Emergent Mind

Abstract

Pretrained language models underpin several AI applications, but their high computational cost for training limits accessibility. Initiatives such as BLOOM and StarCoder aim to democratize access to pretrained models for collaborative community development. However, such existing models face challenges: limited multilingual capabilities, continual pretraining causing catastrophic forgetting, whereas pretraining from scratch is computationally expensive, and compliance with AI safety and development laws. This paper presents Aurora-M, a 15B parameter multilingual open-source model trained on English, Finnish, Hindi, Japanese, Vietnamese, and code. Continually pretrained from StarCoderPlus on 435 billion additional tokens, Aurora-M surpasses 2 trillion tokens in total training token count. It is the first open-source multilingual model fine-tuned on human-reviewed safety instructions, thus aligning its development not only with conventional red-teaming considerations, but also with the specific concerns articulated in the Biden-Harris Executive Order on the Safe, Secure, and Trustworthy Development and Use of Artificial Intelligence. Aurora-M is rigorously evaluated across various tasks and languages, demonstrating robustness against catastrophic forgetting and outperforming alternatives in multilingual settings, particularly in safety evaluations. To promote responsible open-source LLM development, Aurora-M and its variants are released at https://huggingface.co/collections/aurora-m/aurora-m-models-65fdfdff62471e09812f5407 .
Aurora-M outperforms StarCoderPlus in code and multilingual benchmarks, showing higher Pass@1 and 0-shot accuracy.

Overview

  • Aurora-M is a 15B parameter open-source multilingual Large Language Model (LLM) pre-trained on over 2 trillion tokens, encompassing languages like English, Finnish, Hindi, Japanese, Vietnamese, and code, aligning with the Biden-Harris Executive Order on AI safety.

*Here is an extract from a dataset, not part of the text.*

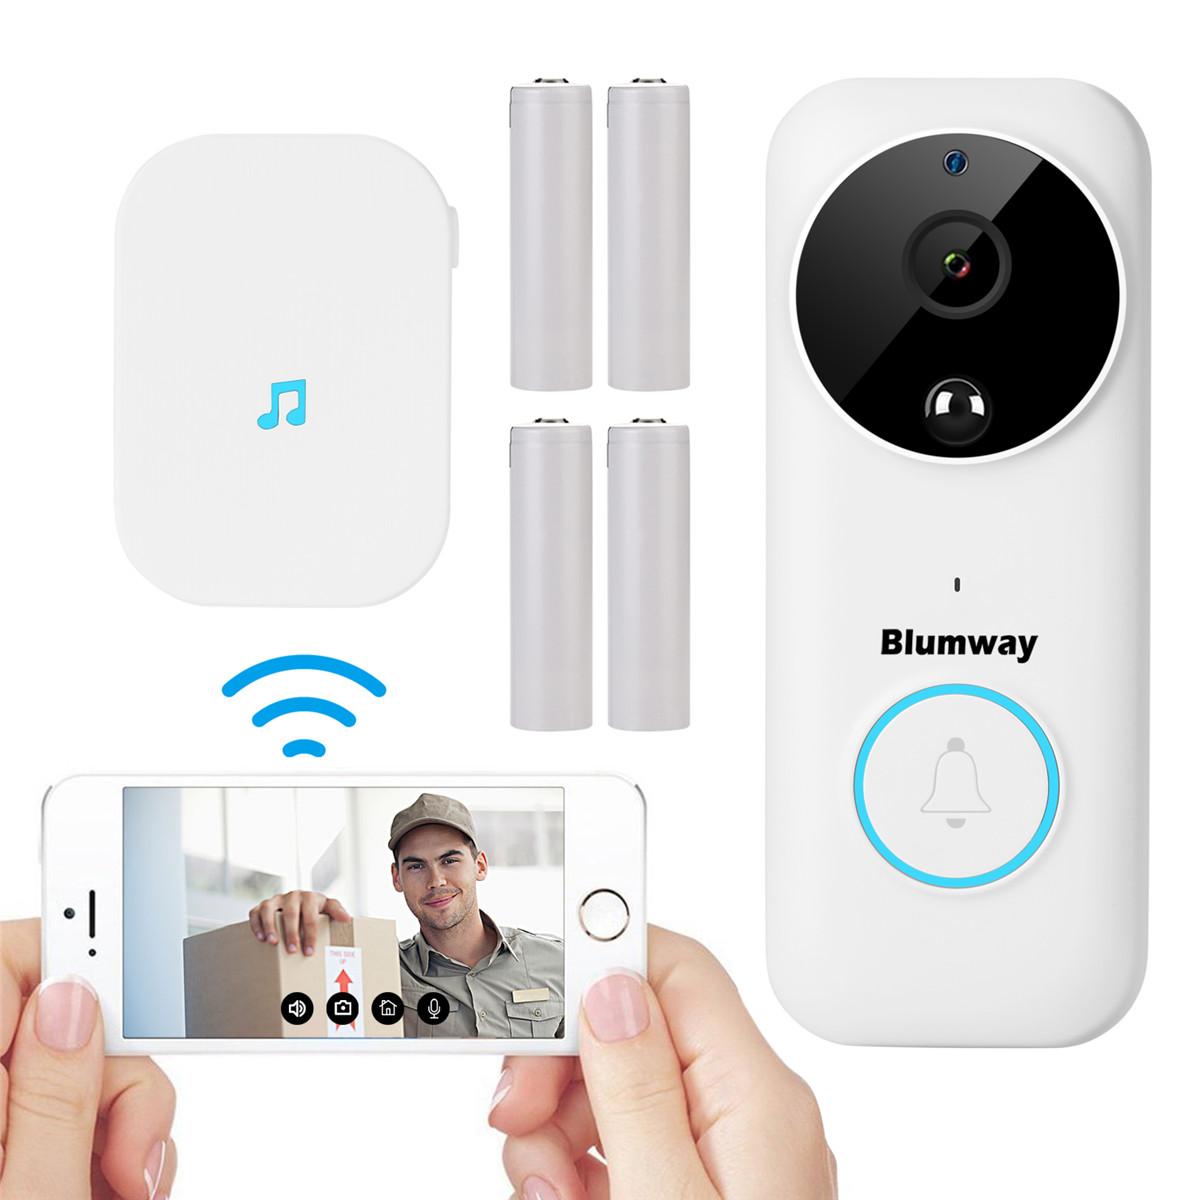 1080P リアルタイムビデオ会話 ワイヤレス認証済 限定モデル 日本語取説と日本語動画付き Blumway 進化版 ワイヤレスインターホン ビデオドアホン 1080HDリアルタイムビデオ会話機能 ナイトビジョン PIR動き検出 Wi-Fi対応 300M感知 166度広角レンズ ホワイト 介護 呼び出し 防盗用 来客 お得クーポン発行中 充電式バッテリと日本語取扱説明動画付き 携帯コントロール可能

  • The model underwent a two-stage training curriculum, using diverse datasets and focusing on both general and instruction-tuned datasets to enhance its capabilities and safety alignment.

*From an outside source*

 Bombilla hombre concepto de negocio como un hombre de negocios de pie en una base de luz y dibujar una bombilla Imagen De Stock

  • Training techniques included the use of the LUMI supercomputer, mixed precision training, and a meticulously optimized learning schedule, prioritizing environmental considerations like hydro-powered energy use.

  • Aurora-M demonstrated superior performance in multilingual tasks and coding-related tasks, particularly in safety evaluations, underlining its commitment to producing ethically and legally sound content.

Overview of Aurora-M

The paper introduces Aurora-M, a 15B parameter open-source multilingual Large Language Model (LLM) that has been continually pretrained on a diverse and extensive dataset. Unlike its predecessors, Aurora-M stands out not only for its multilingual capabilities, which cover English, Finnish, Hindi, Japanese, Vietnamese, and code, but also for its alignment with stringent AI safety and legal standards, specifically the Biden-Harris Executive Order on the Safe, Secure, and Trustworthy Development and Use of Artificial Intelligence. The model was continually pretrained from the StarCoderPlus model on an additional 435 billion tokens, reaching a staggering total of over 2 trillion tokens. This comprehensive training enables Aurora-M to demonstrate robustness against catastrophic forgetting and superior performance in multilingual settings, particularly in safety evaluations.

Data Curation and Processing

The dataset preparation for Aurora-M involved a two-stage training curriculum, integrating general text data from diverse sources, covering both natural languages and coding languages, along with instruction-tuning datasets. The Continual Auxiliary Pretraining (CAP) stage utilized general web data and multilingual datasets from sources like RefinedWeb and the Pile, while the Continual Alignment Tuning (CAT) stage focused on further boosting its capabilities in specific areas and aligning with safety objectives. Rigorous data filtering techniques were employed to ensure the high quality and relevance of training data, addressing challenges like toxic content removal and sensitive information anonymization.

Training Methodology

Aurora-M's training exploited advanced techniques, including the use of the LUMI supercomputer, mixed precision training, and a carefully optimized learning rate schedule, culminating in a training period of 48 days. This training was not only highly efficient but also environmentally considerate, using 100% hydro-powered energy and incorporating waste heat recycling.

Emphasis on Safety and Legal Compliance

A critical aspect of Aurora-M's development was its instruction-tuning on a carefully curated dataset designed to align with the Biden-Harris Executive Order’s focus areas. This safety consideration is crucial for mitigating risks related to AI applications and ensuring the model’s outputs adhere to accepted ethical and legal standards. The construction of this tailored safety dataset underscores a proactive approach to addressing contemporary concerns regarding AI safety and compliance.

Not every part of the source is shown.